Carillion signboard photo Terry Robinson
The press, media and many MP’s are running around with a sense of righteous indignation over the collapse of Carillion – the construction, maintenance and facilities management company. The trouble is they don’t know who to direct it against. Has the government messed up – or has it done rather well to get projects constructed this cheaply? Is the company to blame for poor management – or is its demise the inevitable result of contracts that lump massive risks onto single contractors with wafer thin margins? Carillion had become more or less an arm of government. Is this purchaser / provider model a good one or should these services be brought back ‘in house’?
The fact is that Carillion was a Frankensteinian monster created out of disparate parts in response to government policy in the form of the PFI / PF2 private finance approach to the procurement of infrastructure and services. Except that Victor Frankenstein’s project started out with a noble motive which PFI never did.

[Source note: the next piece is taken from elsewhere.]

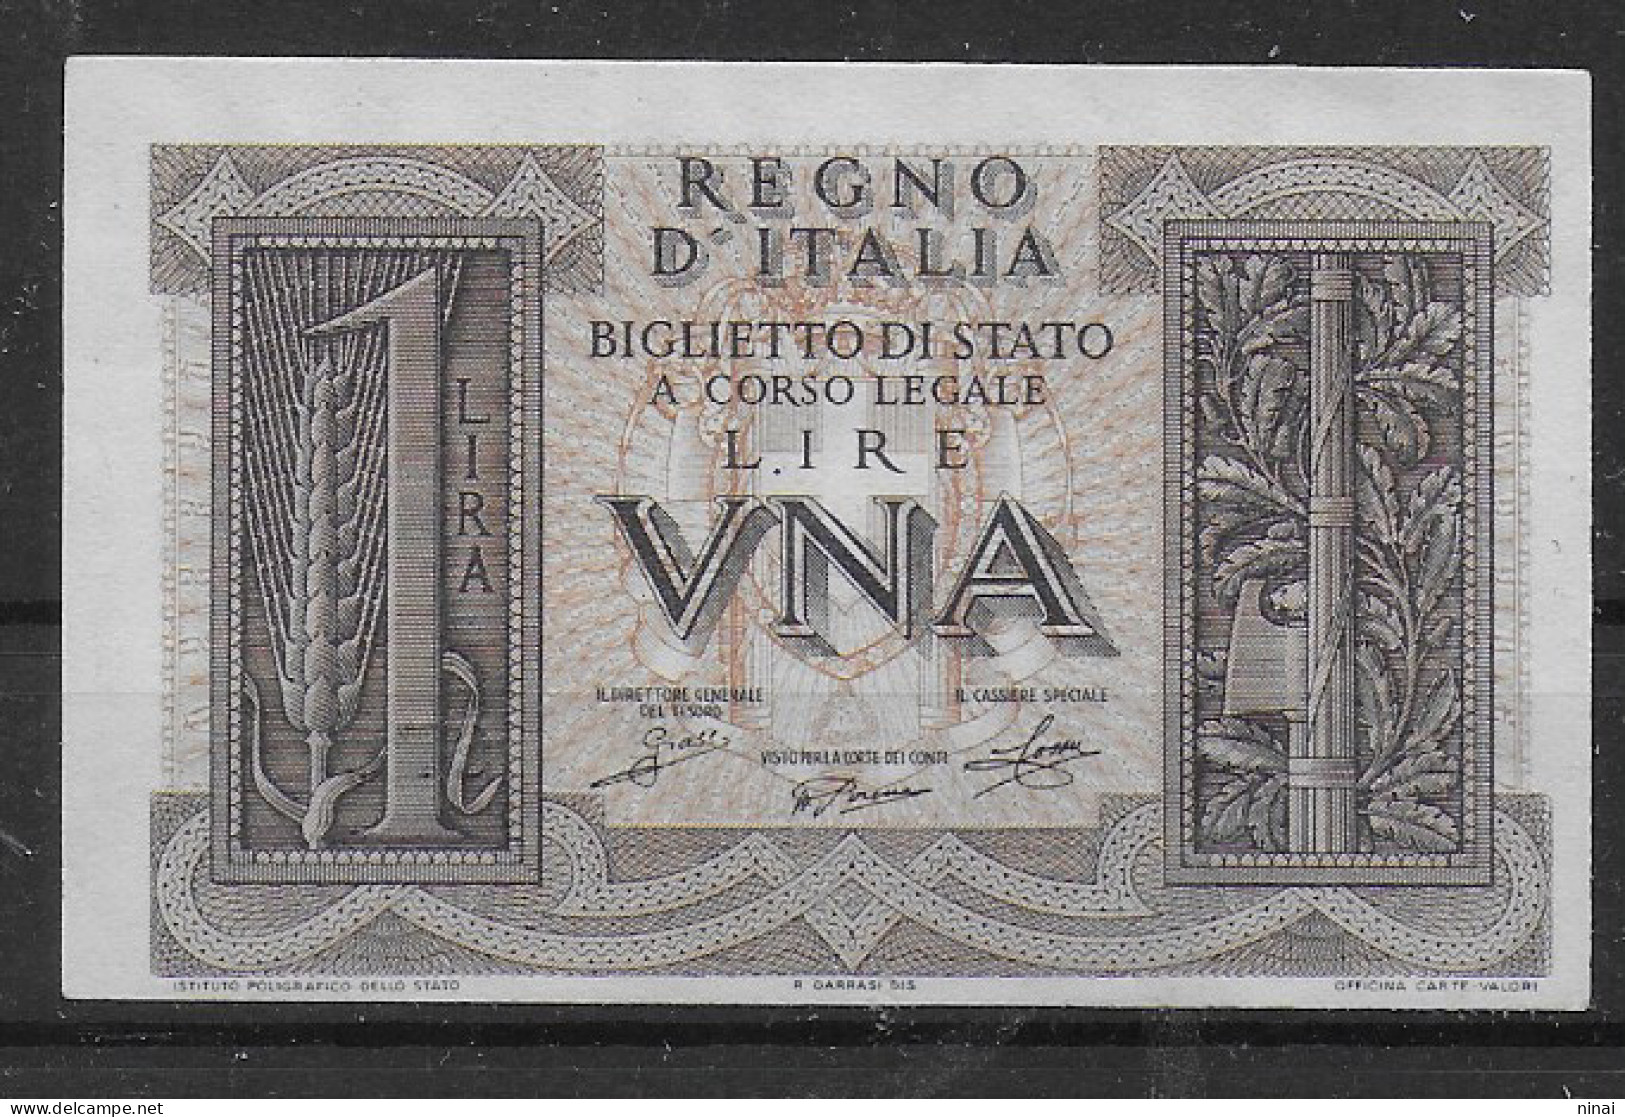 BANCONOTA 1939 UNA LIRA GRASSI/PORENA/COSSU FIOR DI STAMPA C1496A - Italië – 1 Lira

Carillion’s liquidation coincides perfectly with a report into PFI / PF2 by the National Audit Office which doesn’t come to any definitive conclusions but states bizarrely, even after all these years, that ‘(the) overall performance of PFI has not been quantified’ and ‘HM Treasury has noted that the higher cost of private financing means that the economic case for the model rests on achieving cost savings in the construction or operation of the project; or through the delivery of a qualitatively superior project’. For all its numbers, graphs and charts one thing the National Audit Office can’t quantify is the sheer ugliness of the buildings. Badly designed by architects on a limited service and a tiny fee and poorly constructed of cheap materials, PFI / PF2 projects stand as a damning indictment of where we are as a society in every way.
Whatever the savings have been in the past the government is going to have to pay more in the future and an awful lot more now to get these particular projects finished by someone else. An audit will be needed to establish what stage the work has reached and the true state of the partially completed work. Another contractor will need to be found who will want more money than Carillion was expecting plus a premium to make a suitable team available at short notice.
There has been just too much politics involved in the delivery of public infrastructure for too many years. The return of a traditional and common sense approach is long overdue.